PDA

View Full Version : OpenGL and Maya



schmendrick
12-09-2004, 06:07 AM
Hi y'all. Thanks for looking!

My company plans to get into 3D. From skimpy mention in the docs, I get the impression that you can integrate Maya and OpenGL.

Is it true that the artist can render in 3D using Maya then Maya will spit out all the geometric primitives necessary for drawing the scene (this sounds like witchcraft to me, so perhaps I'm way out to lunch here.).

I'm hoping that one of you can give me bullets on the pros and cons of using Maya with OpenGL.

Thanks!

Rawk
12-09-2004, 10:28 AM
Hi,

Maya is an amazing modelling and animation program.

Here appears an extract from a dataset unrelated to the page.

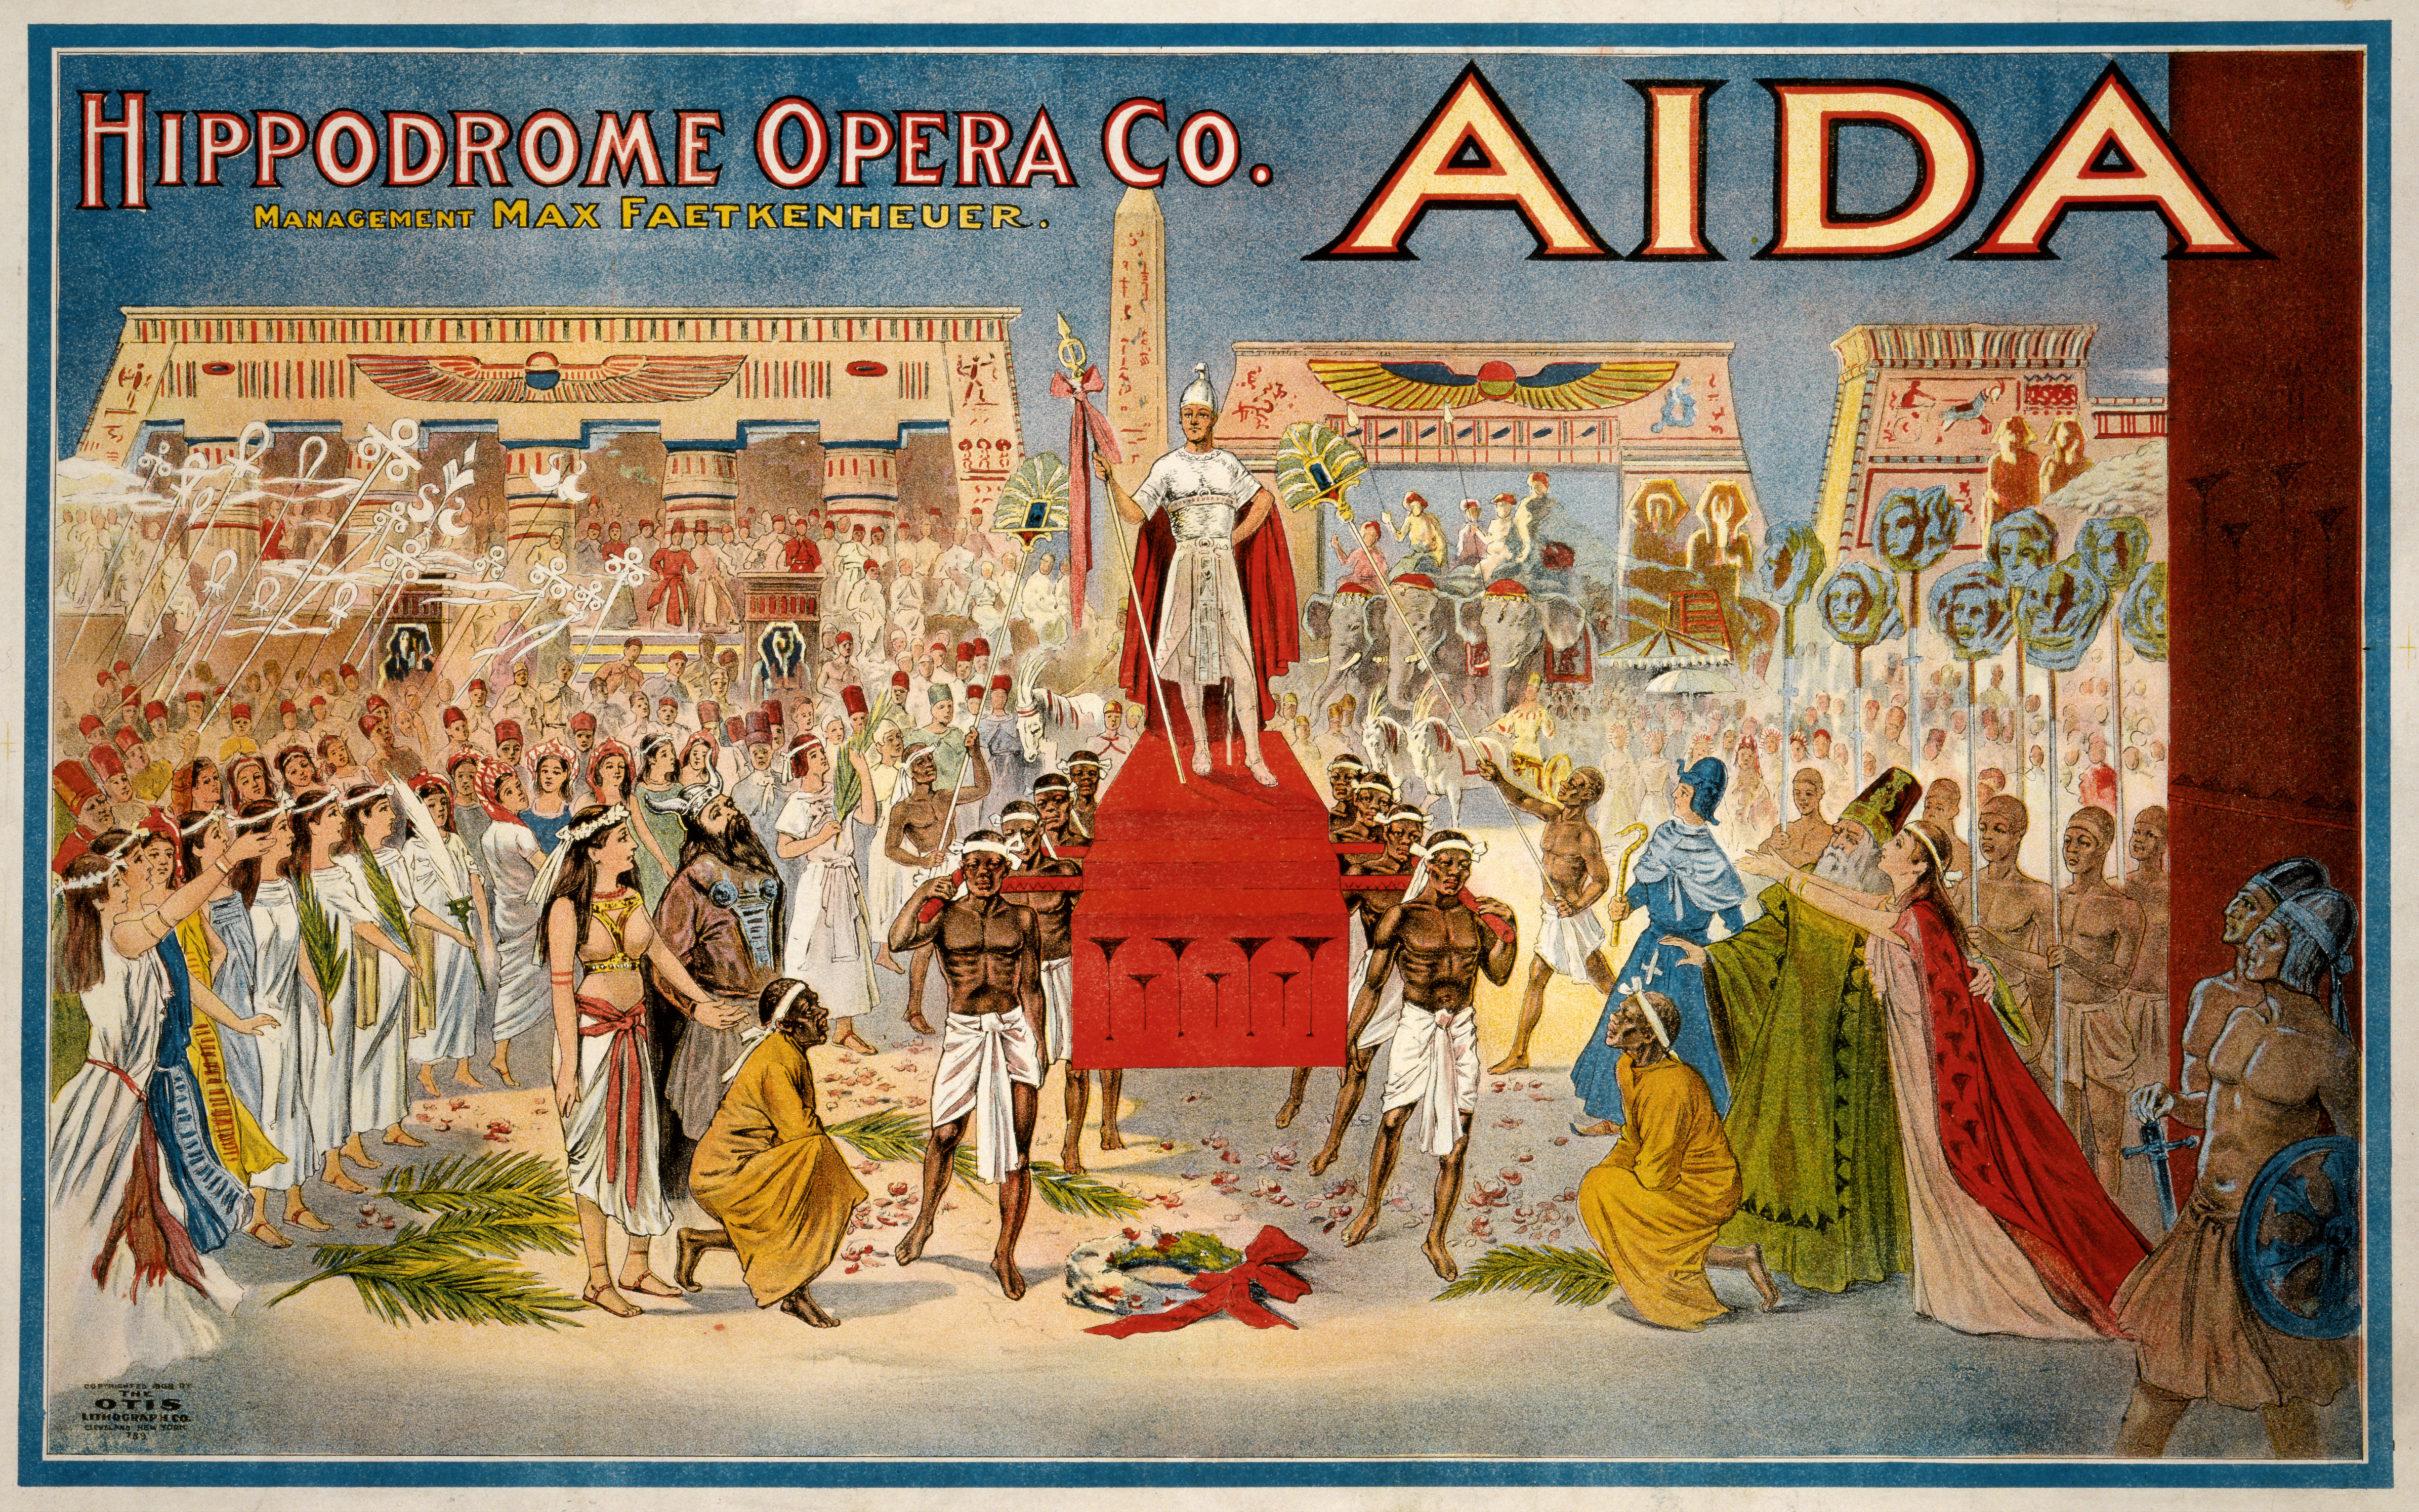 Aida poster colors fixed

It depends a lot on what you specifically want to do though.

More to your point, the most common way to export geometry from maya is by use of the old WaveFront OBJ file format. Maya ships with a plugin for this, and the format is well-documented on the web.

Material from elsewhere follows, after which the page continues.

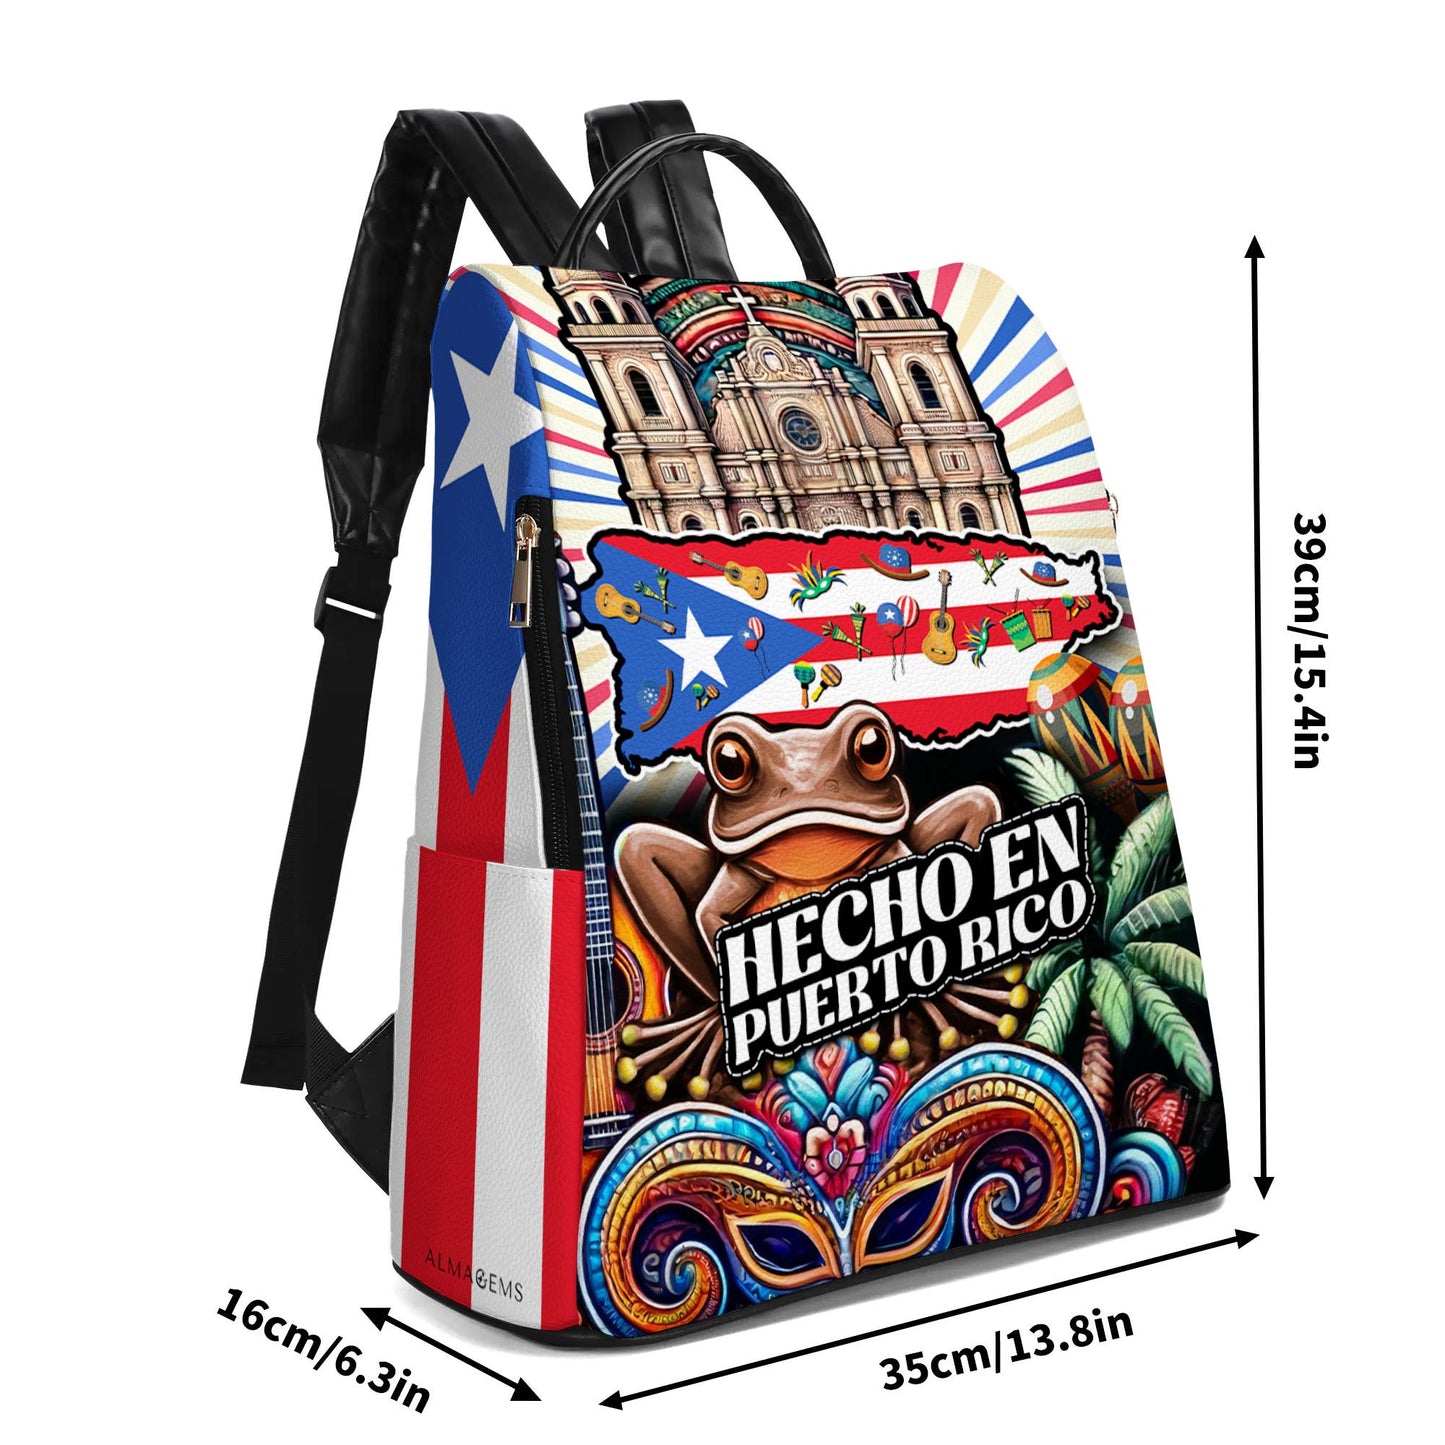 Hecho En Puerto Rico - Personalized Leather BackPack - LA006_BP

You might also look into non $2,000-per-license programs like Blender or Milkshape too.

-Rawk

Rob The Bloke
12-09-2004, 01:29 PM
maya exporter factfile (http://robthebloke.org/research/index.htm)

def
12-10-2004, 06:05 AM
I am not sure what you are asking.
If you are looking for a solution to generate C source code from 3d geometry take a look at Deep Exploration.
( http://www.righthemisphere.com/products/dexp/ )

You can import most 3d formats and convert into C source code.

jwatte
12-11-2004, 08:43 AM
Where to start?

Go buy some games. Start with Half-Life 2, just for the sake of argument. Run around the game, and look at the surroundings. (Far Cry makes another good example)

All the graphics you see there were built in Maya, or a tool like it (3dsmax, SoftImage, whatever). Then, the data was exported from the DCC (Digital Content Creation) app, typically into engine-specific file formats.

Then, the graphics engine of the game loads these files (possibly after pre-processing), and displays them on the screen based on wherever the player is. There's a bunch of specialized code for things like shading, occlusion, animation and lighting which goes into the run-time engine to make it look the way it does.

The trick is that graphics hardware has limitations. Different hardware has different limitations. Figuring out what, specific, limitations to put on your scene in Maya, such that your engine can run efficiently with the exported data, is a Fine Art and doesn't come cheap. Similarly, if you decide to support "everything" you can do in Maya, your engine will take a long time to write, and will not run very fast -- real-time 3D graphics is all about coming up with the right compromises.

Now, you're saying "thinking about going into 3D" -- what does that mean? Will you use 3D graphics for visualizing some data you have? If so, buy an existing 3D engine -- the price ranges from very expensive (Unreal engine; Half-life 2 engine; Doom 3 engine; Far Cry engine etc) to very cheap (Torque, from www.garagegames.com). (http://www.garagegames.com).) You can also buy just a renderer, say something like Gamebryo from NDL. There are also free graphics libraries, such as Ogre3D, Nebula2, or OpenSG.

If it means "we want to sell a 3D package to compete with the people you already mentioned," then you're going to have to spend five years learning how all of this actually works together, and spend literally millions of dollars to become competetive. You can accelerate the learning curve by hiring very senior (== expensive) people very aggressively, and then listening to them, but you can't really reduce the cost. And, honestly, if you're starting from scratch, chances of success are low even if you are very well funded.